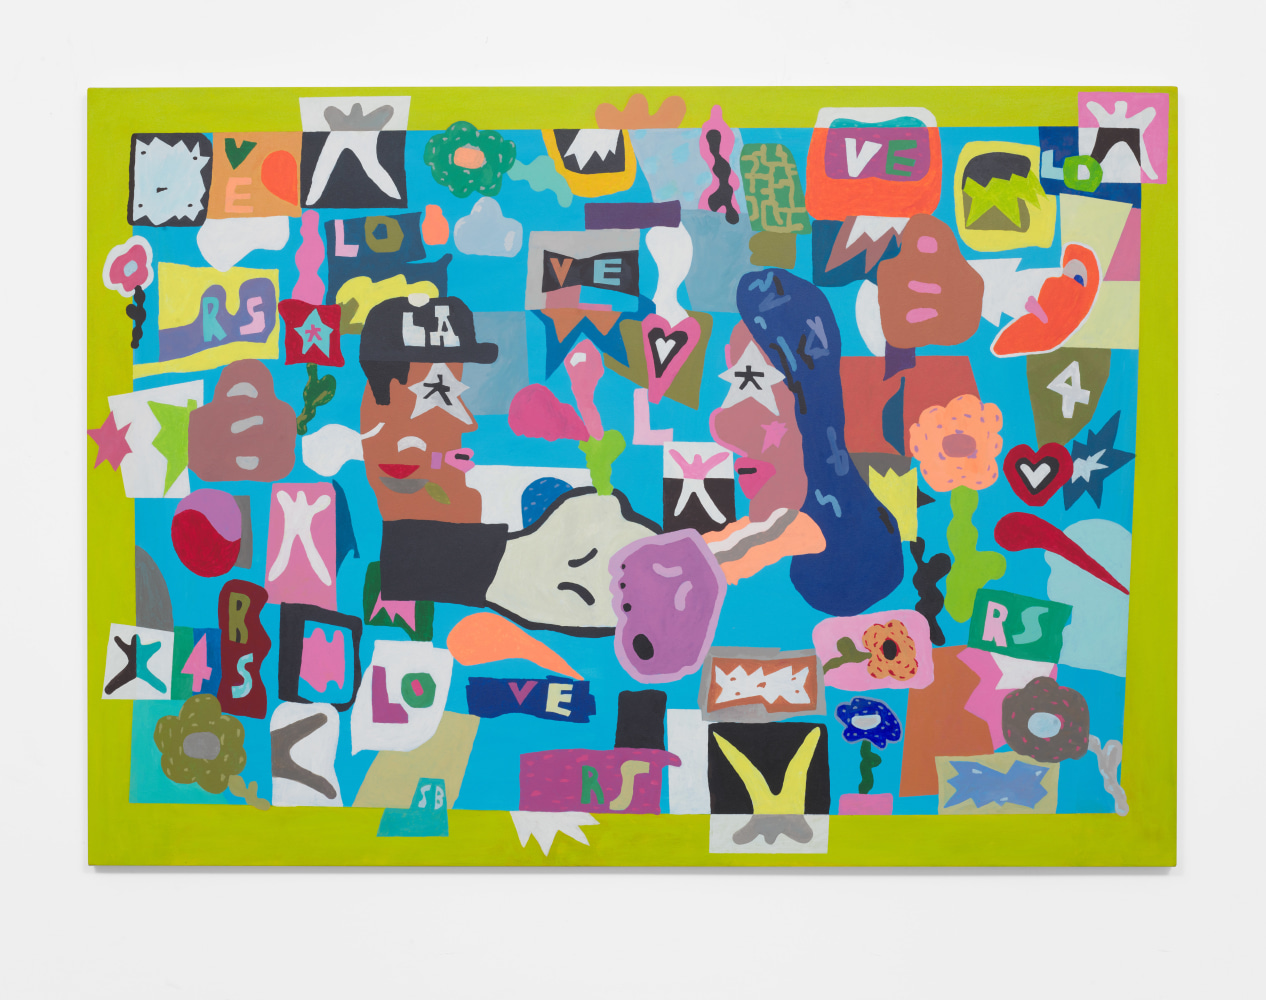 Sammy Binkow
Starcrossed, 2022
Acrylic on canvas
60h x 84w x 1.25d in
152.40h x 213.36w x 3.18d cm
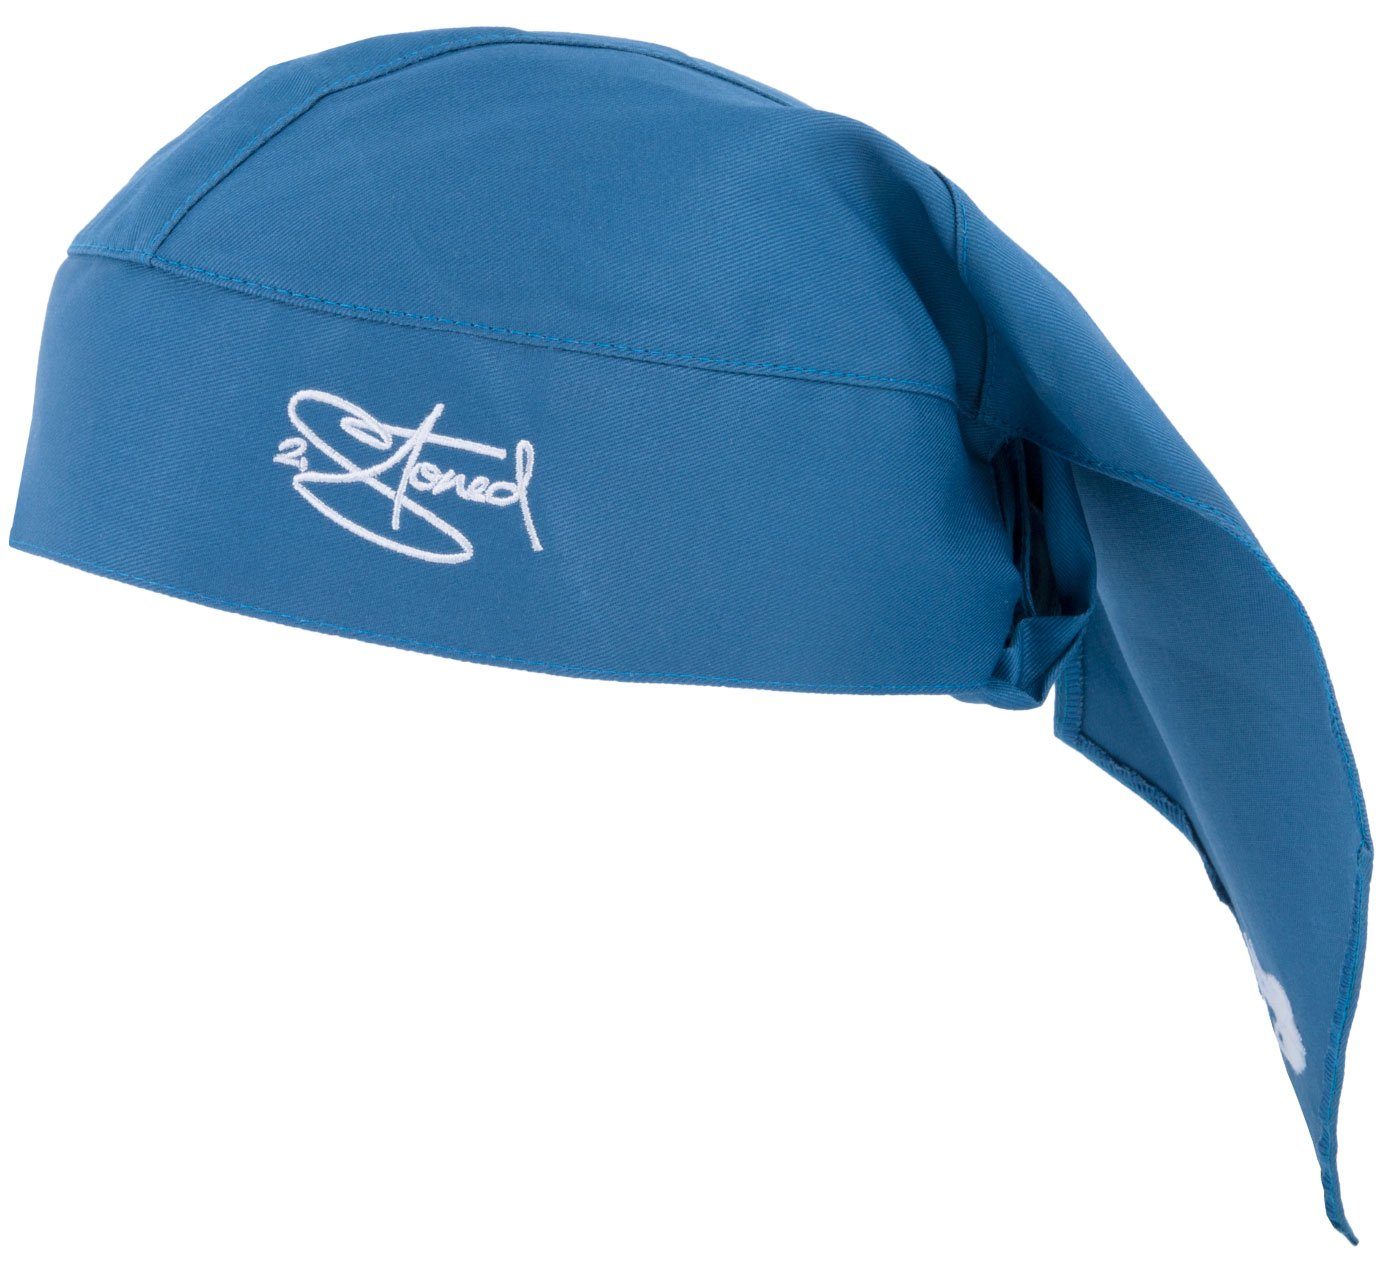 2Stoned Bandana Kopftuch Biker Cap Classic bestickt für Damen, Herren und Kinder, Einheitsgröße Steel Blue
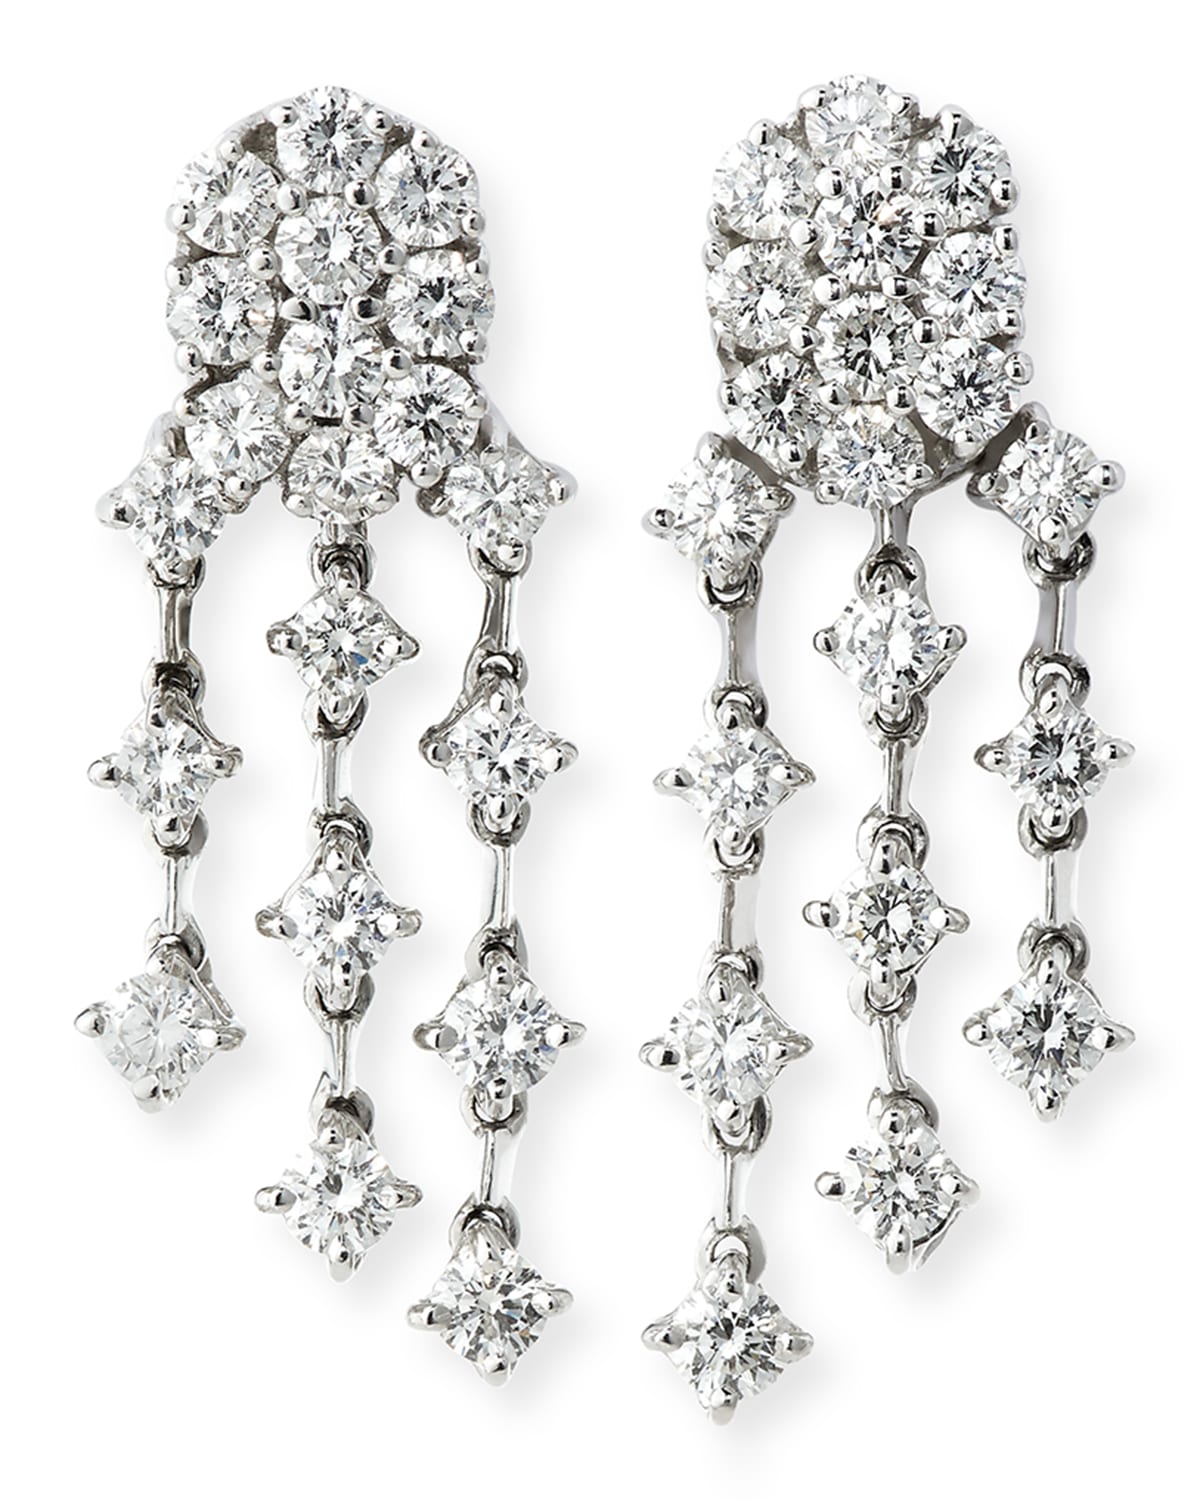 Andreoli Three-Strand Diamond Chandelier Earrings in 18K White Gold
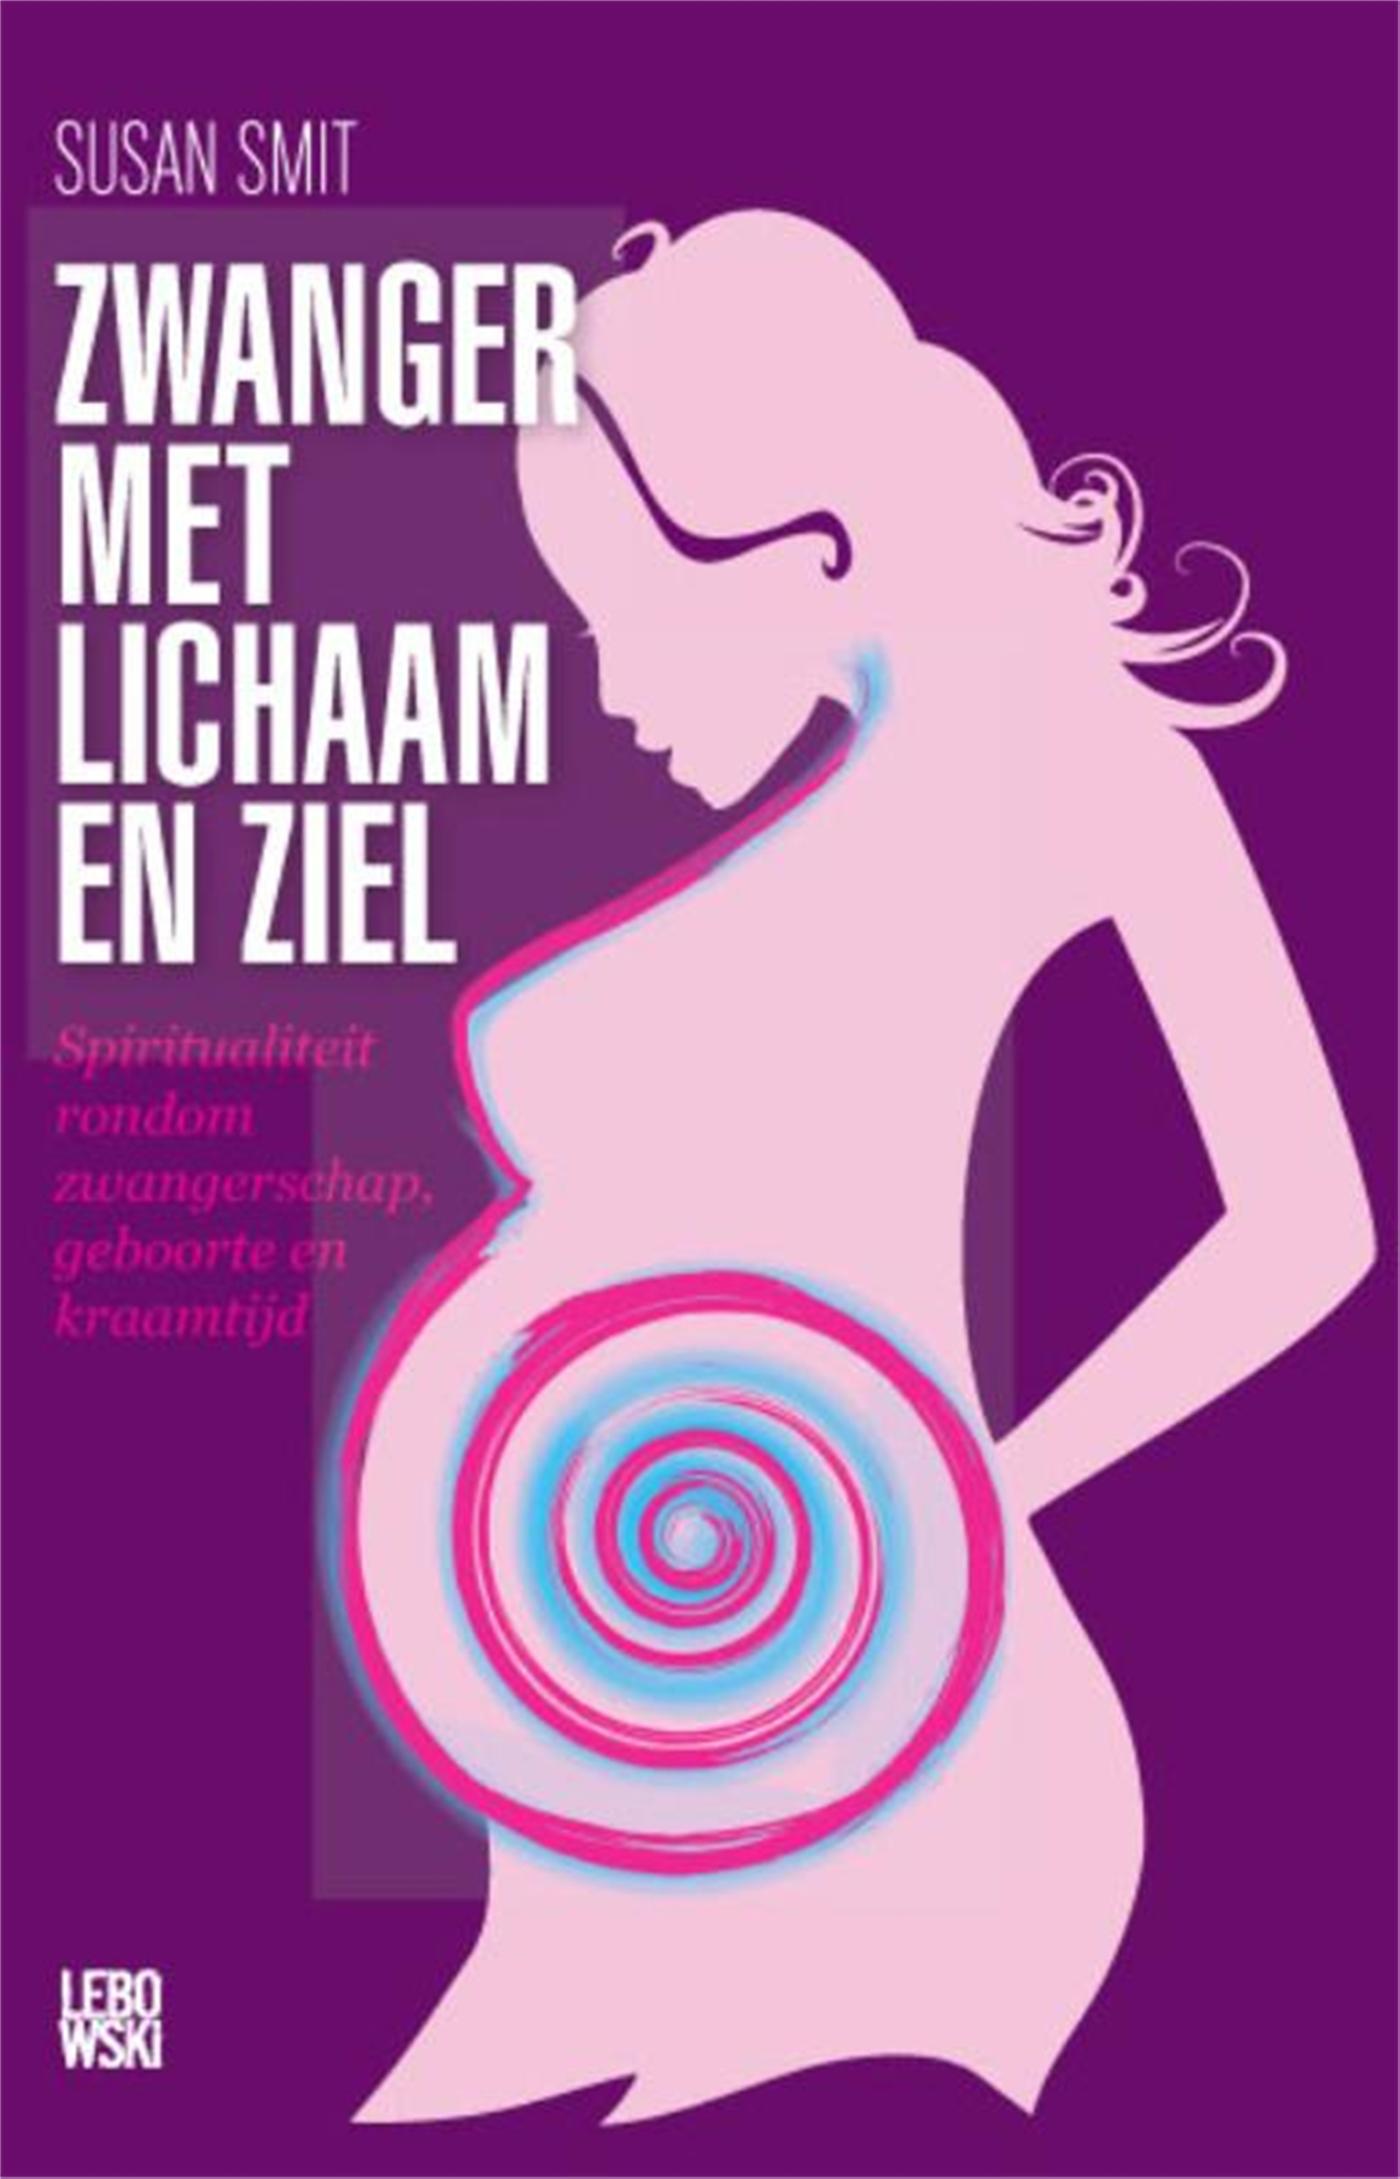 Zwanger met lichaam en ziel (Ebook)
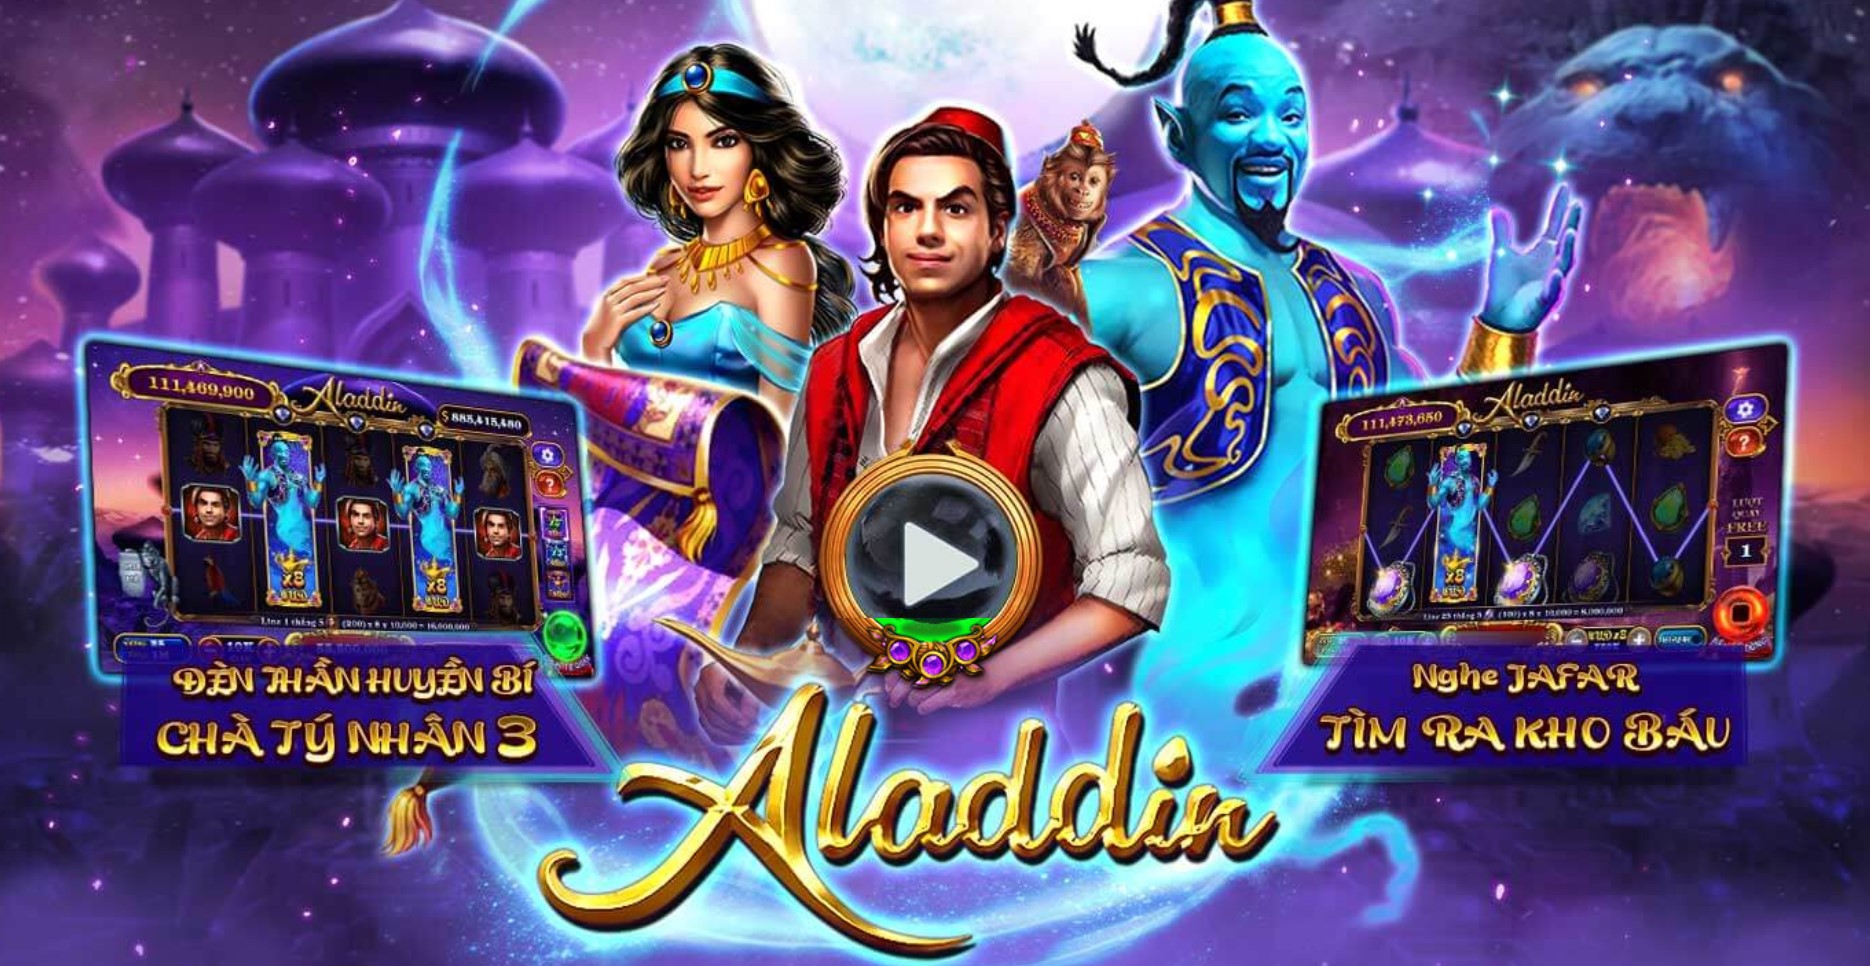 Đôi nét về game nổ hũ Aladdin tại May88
---+---
ASSIGNMENT
Setting the pictures aside, return exactly the lines from the line with "Acrylic on canvas" through the last line of the listing above.

SOLUTION TO THE EXERCISE
Acrylic on canvas
60h x 84w x 1.25d in
152.40h x 213.36w x 3.18d cm
 2Stoned Bandana Kopftuch Biker Cap Classic bestickt für Damen, Herren und Kinder, Einheitsgröße Steel Blue
 Andreoli Three-Strand Diamond Chandelier Earrings in 18K White Gold
 Zwanger met lichaam en ziel (Ebook)
 Đôi nét về game nổ hũ Aladdin tại May88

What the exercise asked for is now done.